I’m bang out of useful ideas at the minute, so I have decided to fall back on the old faithful of complaining about how certain words get used. There is a tendency to think that people who complain about words are incorrigibly conservative, the sort of people who put ‘Keep Off The Grass’ signs on their back lawns, iron their underpants, and yearn for the days when you could discipline children with the thwap! of a hard leather strap. But this is not quite true.
Everyone remembers the bit in Grease where Danny says to Sandy ‘that’s my name, don’t wear it out.’ Although there is not much to wear out in the name Danny, Mr Zucko does display an understanding that words, perhaps like hoover bags, can be abused to the point where they lose all meaningful content. Such is the case with today’s word: vibrant.
As in:
‘Assembly Social Development Minister Margaret Ritchie said the £6m project would create a “distinctive, vibrant and multi-functional city centre“.
(God knows what ‘multi-functional’ means here. A Swiss Army knife springs to mind)

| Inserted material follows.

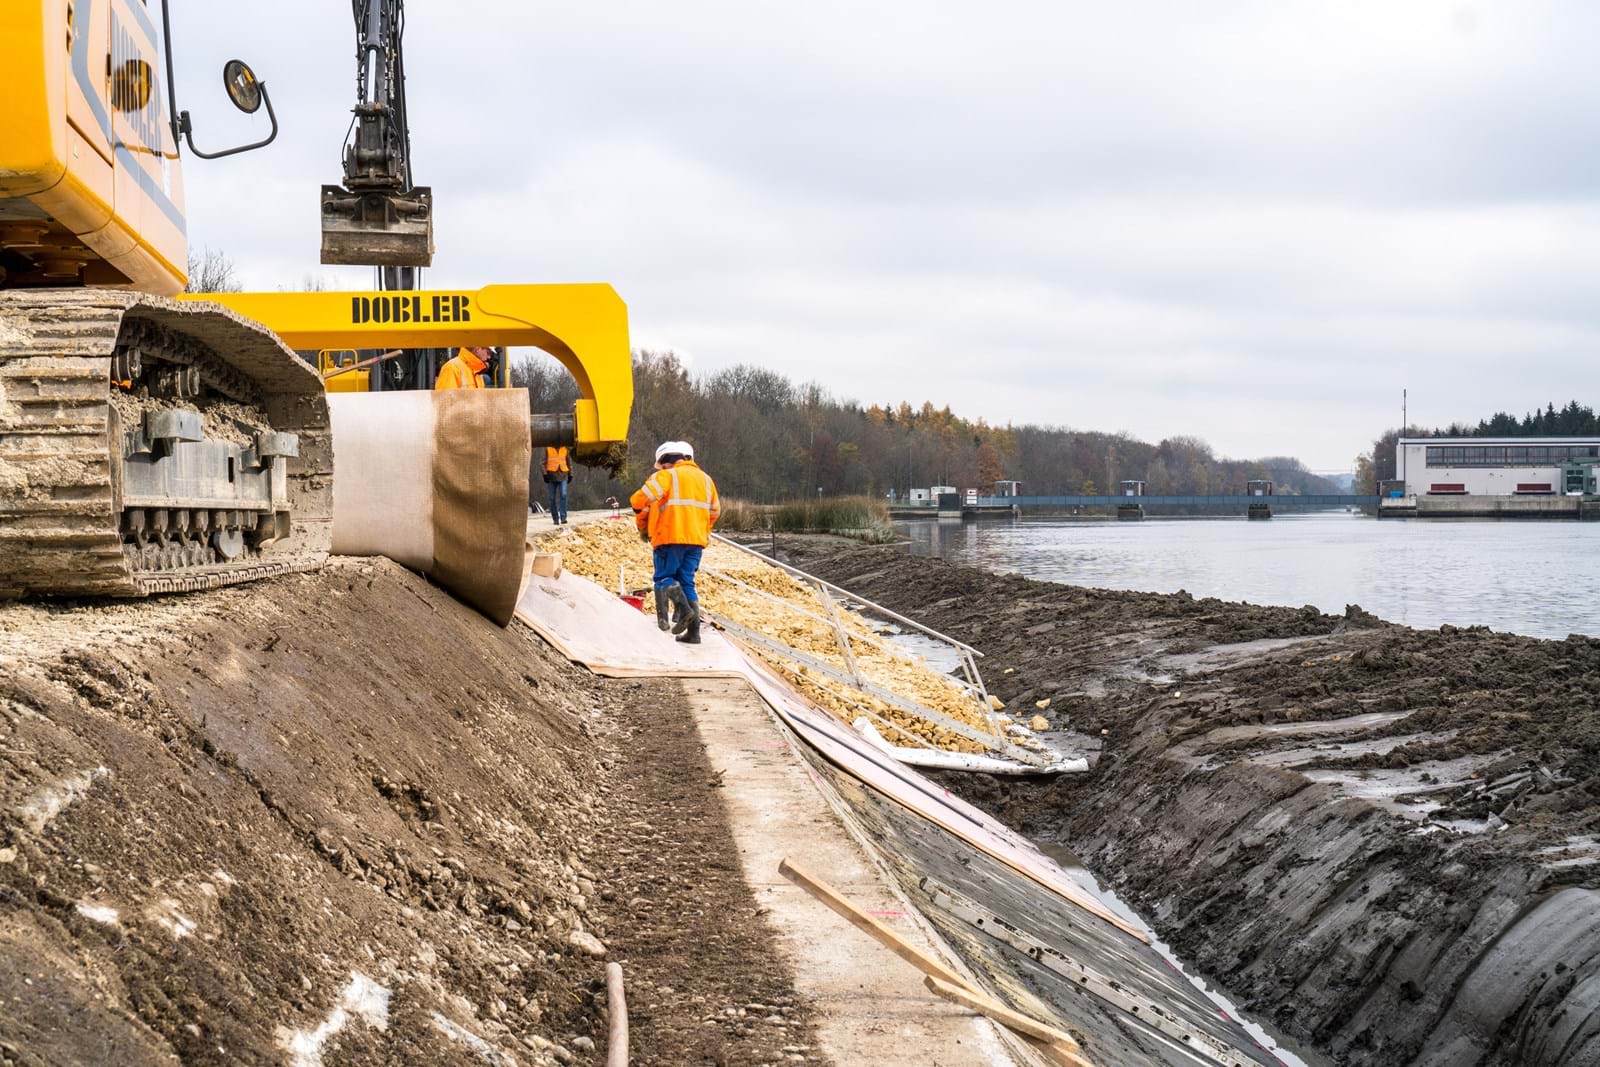 Vor kurzem haben die Bauarbeiten an der Staustufe Offingen begonnen. Der Damm wird auf der Wasserseite mit Wurzelschutzmatten ausgestattet. Anschließend werden Kies und Sedimente aufgeschüttet und die Uferbereiche neu gestaltet.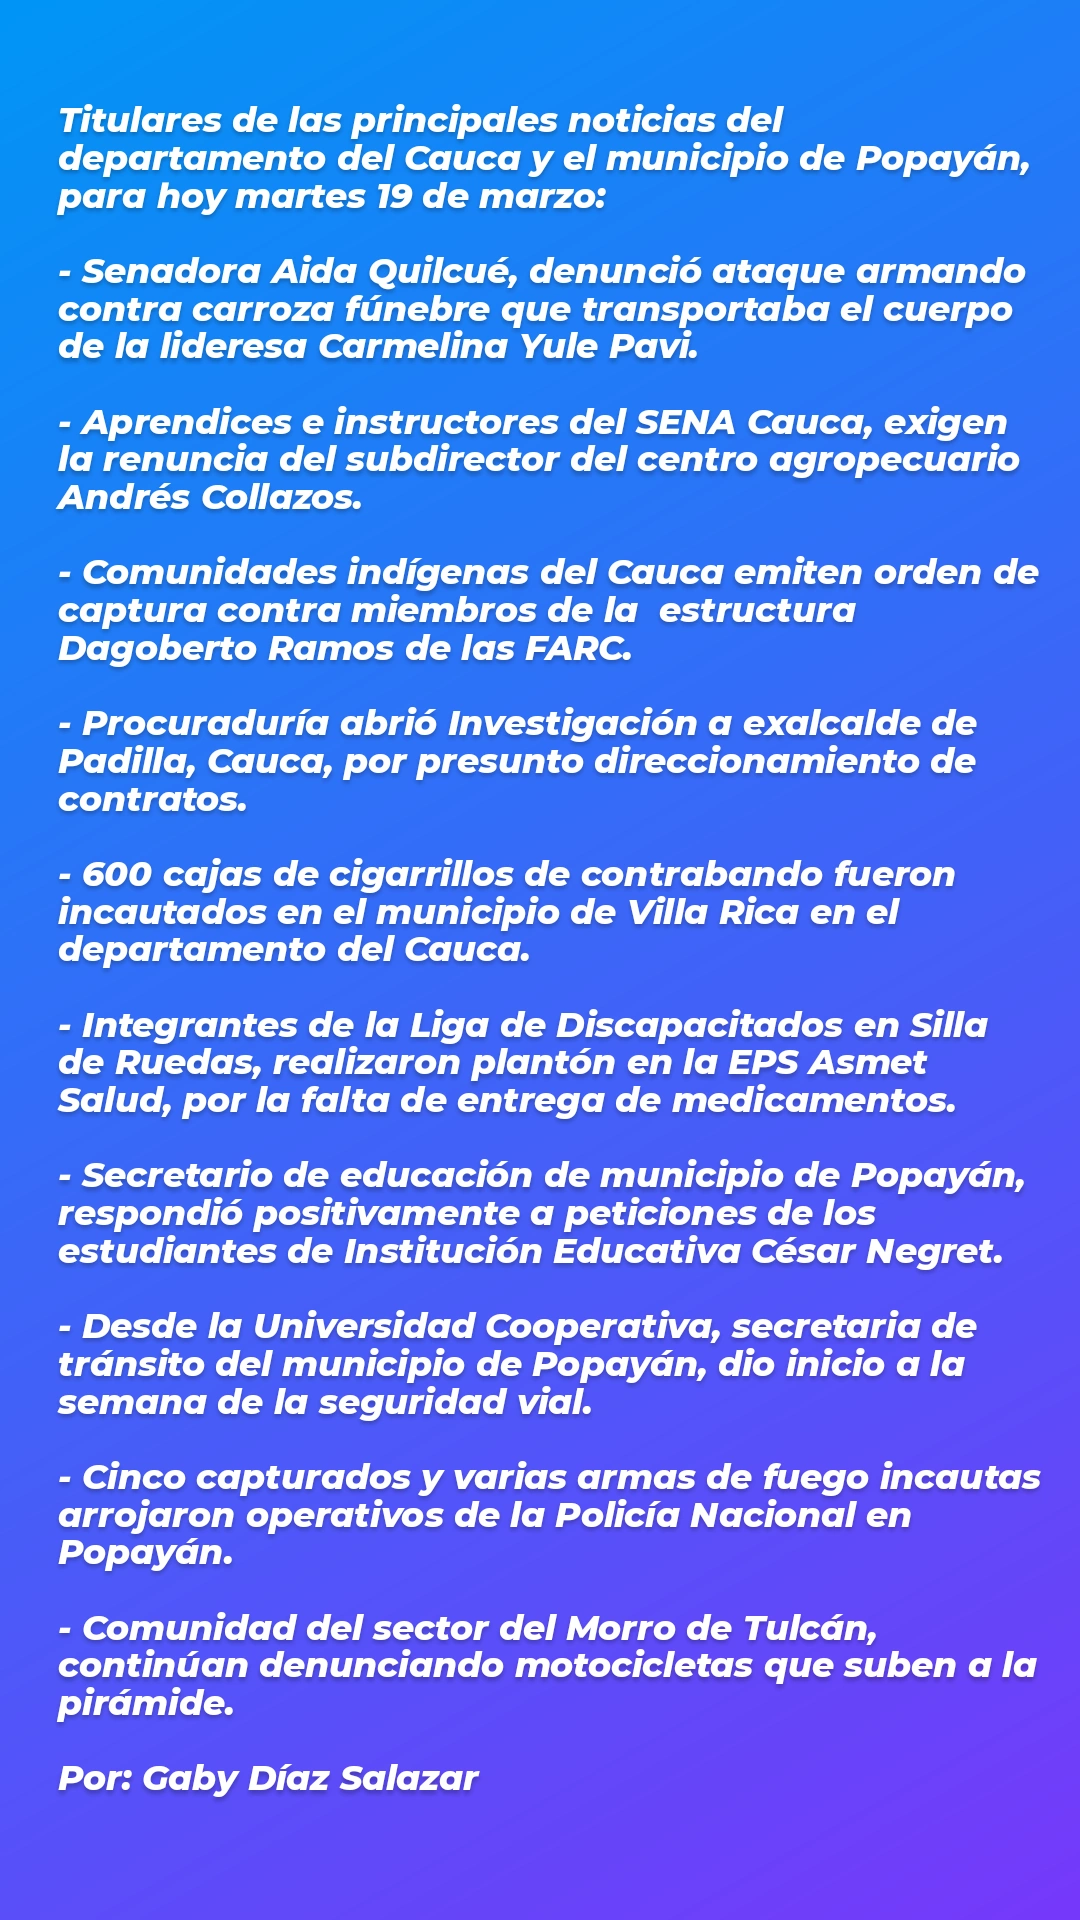 Principales noticias del departamento del Cauca y el municipio de Popayàn hoy 19 de marzo.

Before you start running to the online dictionary to check up on the meanings registered there, let me say that I do not care what the dictionary says, since this merely registers the meanings that people give to words.
If, in 20 years, people are using the word ‘donkey’ predominantly to mean a particular type of chair, then the dictionary entry will say ‘1. Donkey (n.): Chair, often found in one-bedroom apartments. 2. Patient animal with big ears.’ If I then say that Jesus entered Jerusalem on a donkey, no doubt people will rush to their dictionaries with a view to demonstrating that it is also possible that what I really mean here is that Jesus rode into Jerusalem on a large fur-lined recliner.
So it is with vibrant. The primary meaning is simply ‘vibrating’. But it has acquired an exclusively positive meaning in common parlance. It is hard to trace this usage to any particular moment. Perhaps the mass production of electrical and combustion-powered tools and other machines is what brought it about. Vibrancy, felt by placing one’s hand on a car or a fridge, was intimation that all was well with the world, the rate of profit was on the way up, the beach was an hour away, and the pork pies were safe. There is also, of course, vibration as a component of music, in particular amplified and reproduced music. I got that vibe.
Yet the fact that something is vibrating need not indicate that all is well. Something could be vibrating because it is about to explode. A person could be vibrating because they’ve just been shot with a tazer. For not shopping hard enough, or for lingering too long in the queue for burgers.